Originally reported on Google Code with ID 481

What version of the product are you using? On what operating system?

32-bit Linux, tcmalloc 2.0, GCC 4.7.1, eglibc 2.13

Please provide any additional information below.

Whilst trying to debug a crash in heap-checker_unittest.sh, I came across some very
strange code in src/base/linuxthreads.cc, which attempts to detect whether a related
process is a fork or a thread by trying to determine whether the address spaces are
distinct.  The offending code is as follows (lines 446-458):

  if (sys_ptrace(PTRACE_PEEKDATA, pid, &i, &j) || i++ != j ||
      sys_ptrace(PTRACE_PEEKDATA, pid, &i, &j) || i   != j) {
    /* Address spaces are distinct, even though both
     * processes show the "marker". This is probably
     * a forked child process rather than a thread.
     */
    sys_ptrace_detach(pid);
    num_threads--;
    sig_num_threads = num_threads;
  } else {
    found_parent |= pid == ppid;
    added_entries++;
  }

As far as I can tell, what this is trying to do is peek at the other process's address
space to see if the memory at &i is the same as in the current process, then frob i,
and see whether &i in the other process changes as well.  This is broken for two reasons:

1. It appears to assume that the PTRACE_PEEKDATA will load the data at the address
in the 3rd argument, into the variable given as the 4th argument, and return 0 on success
(which will evaluate to false, and continue evaluating the statement after the ||).
 This is not true - according to the man page, the 4th argument is ignored, and the
*return value* is the data, with errno used to indicate success/failure.
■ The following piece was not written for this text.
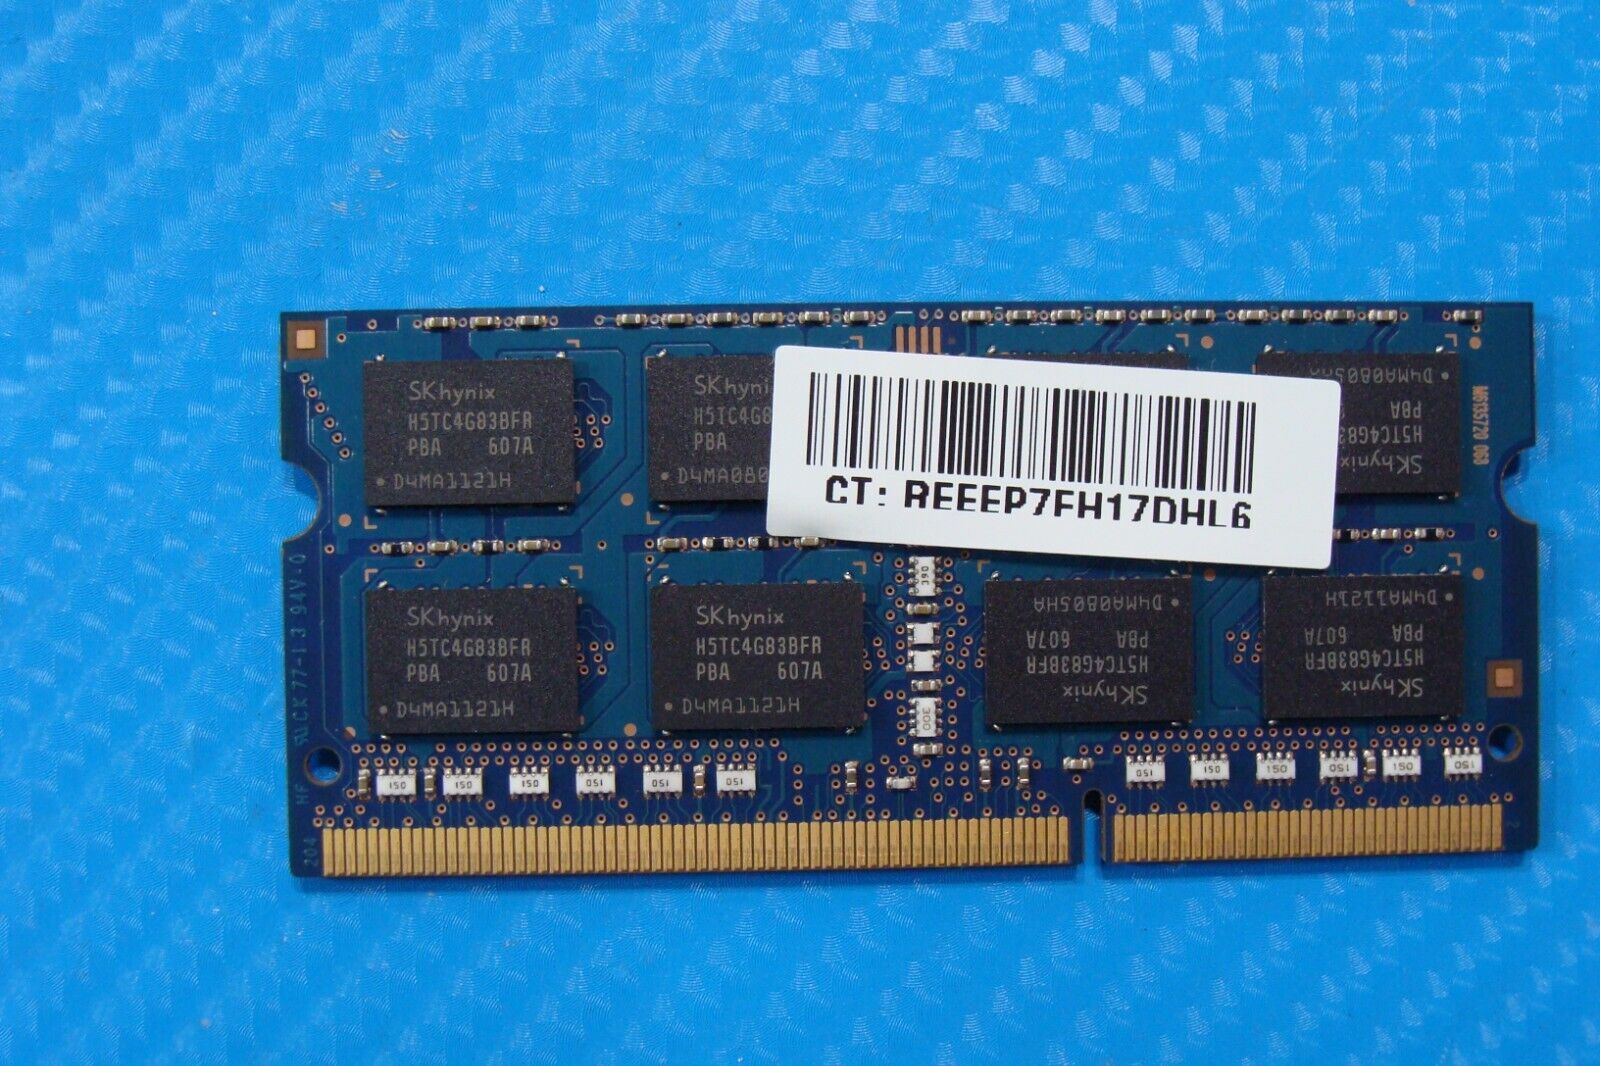 HP 15-an051dx SK Hynix 8GB 2Rx8 PC3L-12800S Memory RAM SO-DIMM HMT41GS6BFR8A-PB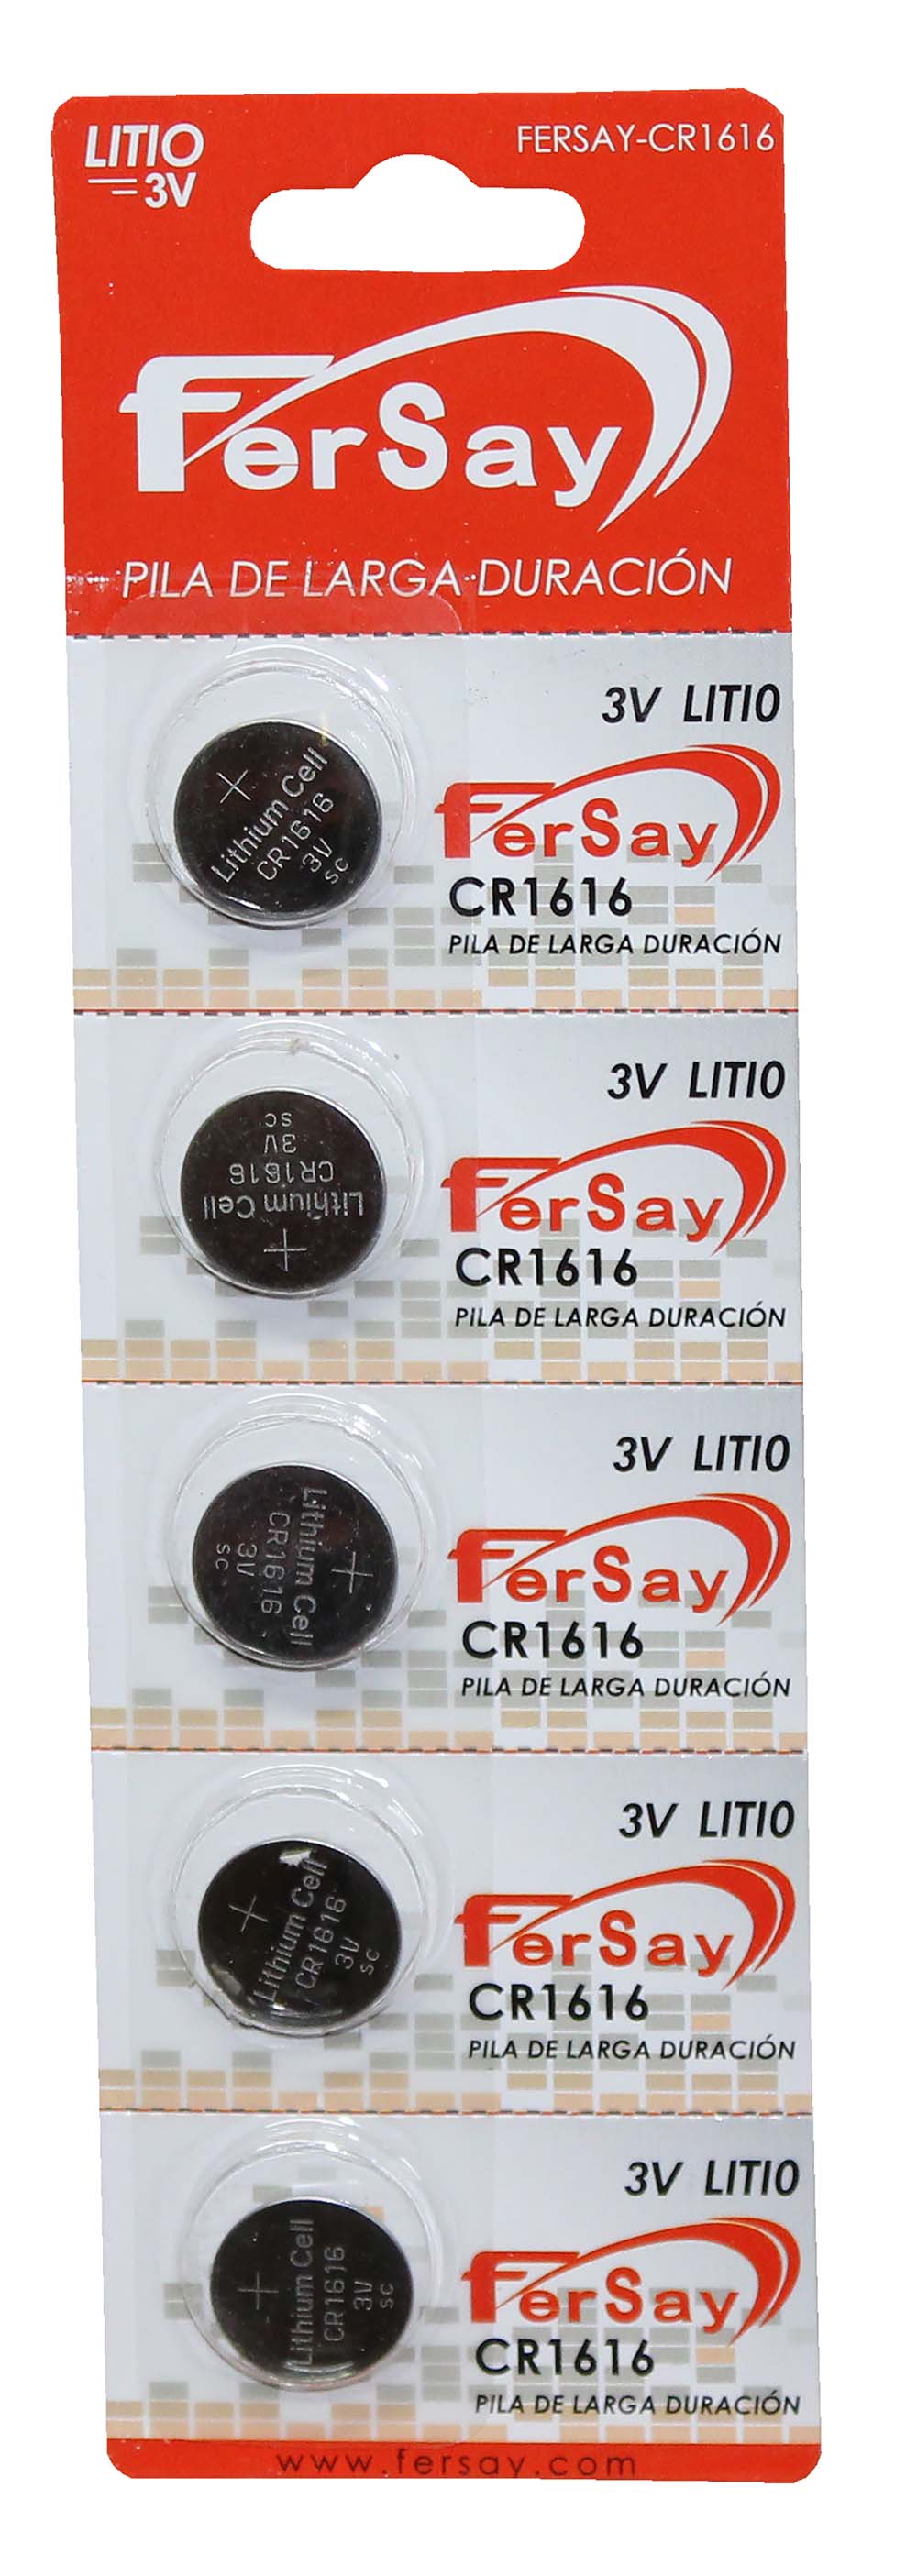 Pila litio tipo botón CR1616 Fersay. - FERSAYCR1616 - FERSAY

2. Even if the PTRACE_PEEKDATA calls are fixed, the test can ever work as desired,
since i is a local variable and stack variables are always thread-local.  The data
at address &i in a related process is not guaranteed to be equal to i, regardless of
whether it is a fork or a thread.

As far as I can tell, the only reason it "works" is because the PTRACE_PEEKDATA calls
are failing, returning zero (which evaluates to false), and setting errno to EFAULT
(14), which is then reflected in the output from my failed test run:

  In main(): heap_check=local
  Thread finding failed with -1 errno=14
  Thread finding callback was interrupted or crashed; can't fix this
  ----
  FAIL: heap-checker_debug_unittest.sh

Please find attached a patch which uses a different approach, based on using the __WCLONE
option with waitpid().  From my testing, this appears to detect relatives correctly,
including the distinction between forks and processes, since the parent process - which
the code checks for as a sanity-check - is a "real" process, not a clone.

Unfortunately, this patch has not fixed my unit test failure, since the crash really
is within the callback, not the thread-finding routine.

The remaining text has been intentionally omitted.